Much of our current knowledge of the importance of prenatal nutrition has been derived from animal studies. In the rodent, the impact of maternal nutrition has been shown to induce long-term effects on behavioural, anthropometric and metabolic functions (Freinkel 1980, Lucas 1991). Since the developing fetus is sensitive to environmental conditions that modulate ontogenic pathways, it is thought the maternal metabolic consequences of prenatal undernutrition may modify the developing neural systems that control energy homeostasis in the fetus (Levin 2000).

Leptin plays a key role in energy homeostasis and acts on discrete neuroendocrine pathways within the hypothalamus to reduce food intake and body fat content (Mercer et al. 1996, Elmquist et al. 1998b). Leptin is secreted mainly from adipose tissue and acts both in the brain and in the peripheral tissues. Five alternatively spliced forms of the leptin receptor are produced (OBRa–e), of which only OBRb has a long cytoplasmic region that is required for signal transduction. Moreover, evidence is accumulating to suggest that obesity is associated with central leptin resistance (Flier 2004). For this reason, investigations over the past decade have focused on determining the mechanisms involved in the action of leptin on hypothalamic neural circuitry systems involved in energy homeostasis.

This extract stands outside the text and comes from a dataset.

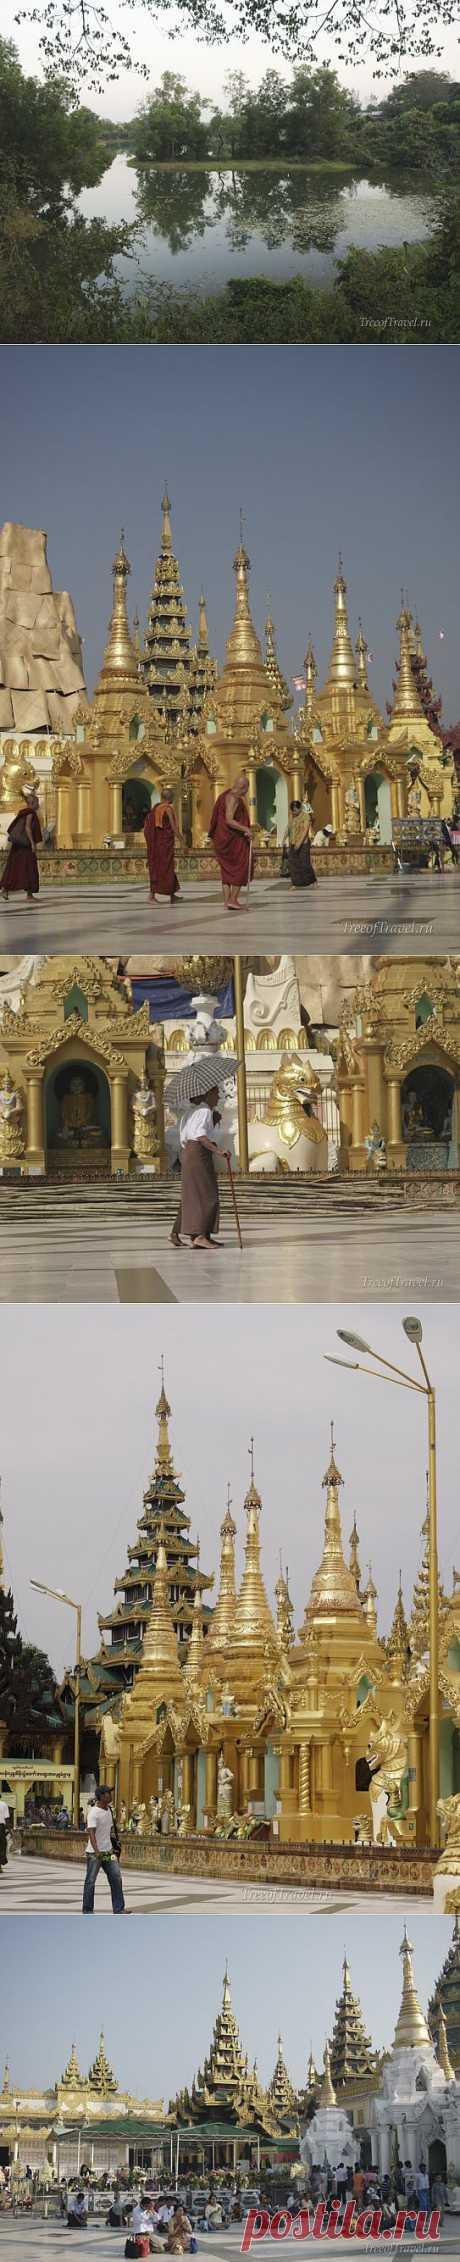 (+1) тема - Янгон - не похожий на столицу | Непутевые заметки
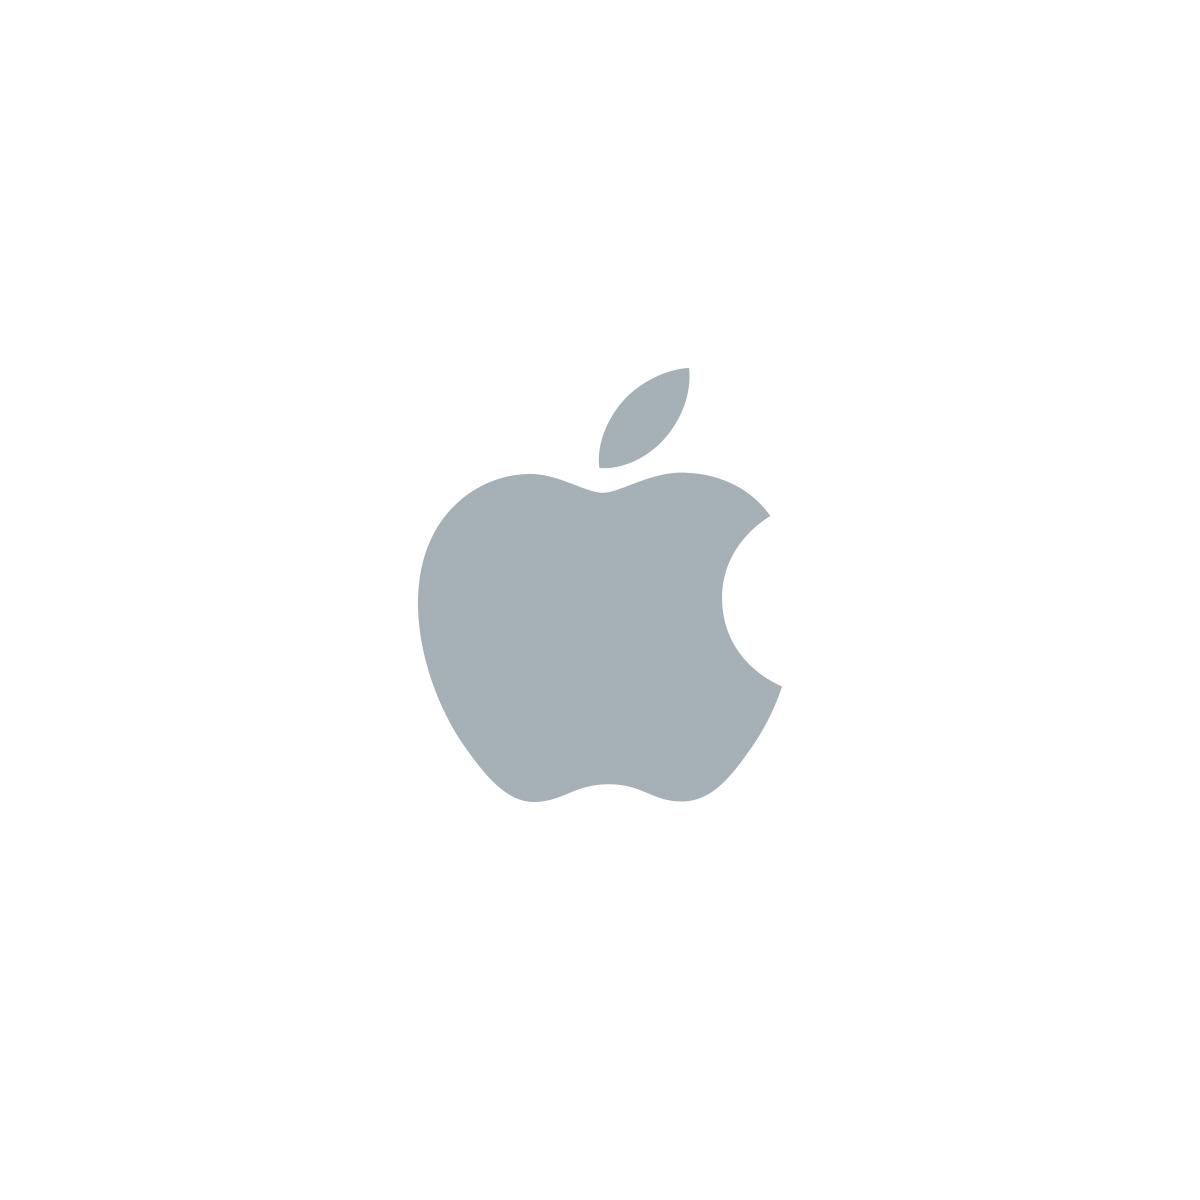 Customer Letter - Apple

Key targets of leptin action are the orexigenic neurons within the hypothalamic arcuate nucleus that co-express the peptides neuropeptide Y (NPY) and agouti-related protein (AgRP), an antagonist of the melanocortin (MC) peptides at the MC-3 and -4 receptors (MC3/4R) (Cowley et al. 2001). These neurons express OBRb (Mercer et al. 1996, Elmquist et al. 1998a) and are inhibited by leptin. When leptin or its receptor levels (OBRb) are deficient, AgRP levels are elevated five- to tenfold in obesity (Ollmann et al. 1997, Shutter et al. 1997). NPY, the most potent orexigenic peptide, is elevated in response to reduced levels of leptin (Kalra et al. 1999) and produces hyperphagia, weight gain and the endocrine/metabolic characteristics of obesity (Heinrichs et al. 1998).

Another group of leptin-responsive neurons within the arcuate nucleus are the anorexigenic pro-opiomelanocortin (POMC) neurons, which also express leptin receptors, but in contrast to NPY/AgRP neurons, are stimulated by leptin (Cowley et al. 2001). These POMC neurons produce several neuropeptides derived from the POMC-polypeptide precursor, adrenocorticotrophin, ß-endorphin, as well as the MCs -, ß- and -melanocyte-stimulating hormone (MSH), which are ligands for the MC3/4R (Vergoni et al. 1986, Yaswen et al. 1999, Kask et al. 2000).

In relation to our present investigation, previous studies have shown alterations in NPY neurons in weanling and adult offspring of gestational diabetic rat dams, and in weanling offspring of perinatal low-protein fed rat dams (Plagemann et al. 1999, 2000). Recent research in fetal mice of protein-restricted rat dams during pregnancy, has also shown alterations in mRNA levels for the appetite regulatory peptides (POMC, NPY and AgRP) and the leptin receptor isoforms (Terroni et al. 2005), lending support to the hypothesis that changes in the nutritional status of the pregnant mother can alter the offspring’s neuroendocrine system. However, the long-term consequences of maternal undernutrition during pregnancy on neuroendocrine gene expression in adult offspring are currently unknown, particularly when a nutrient-rich condition of high caloric density is encountered postnatally.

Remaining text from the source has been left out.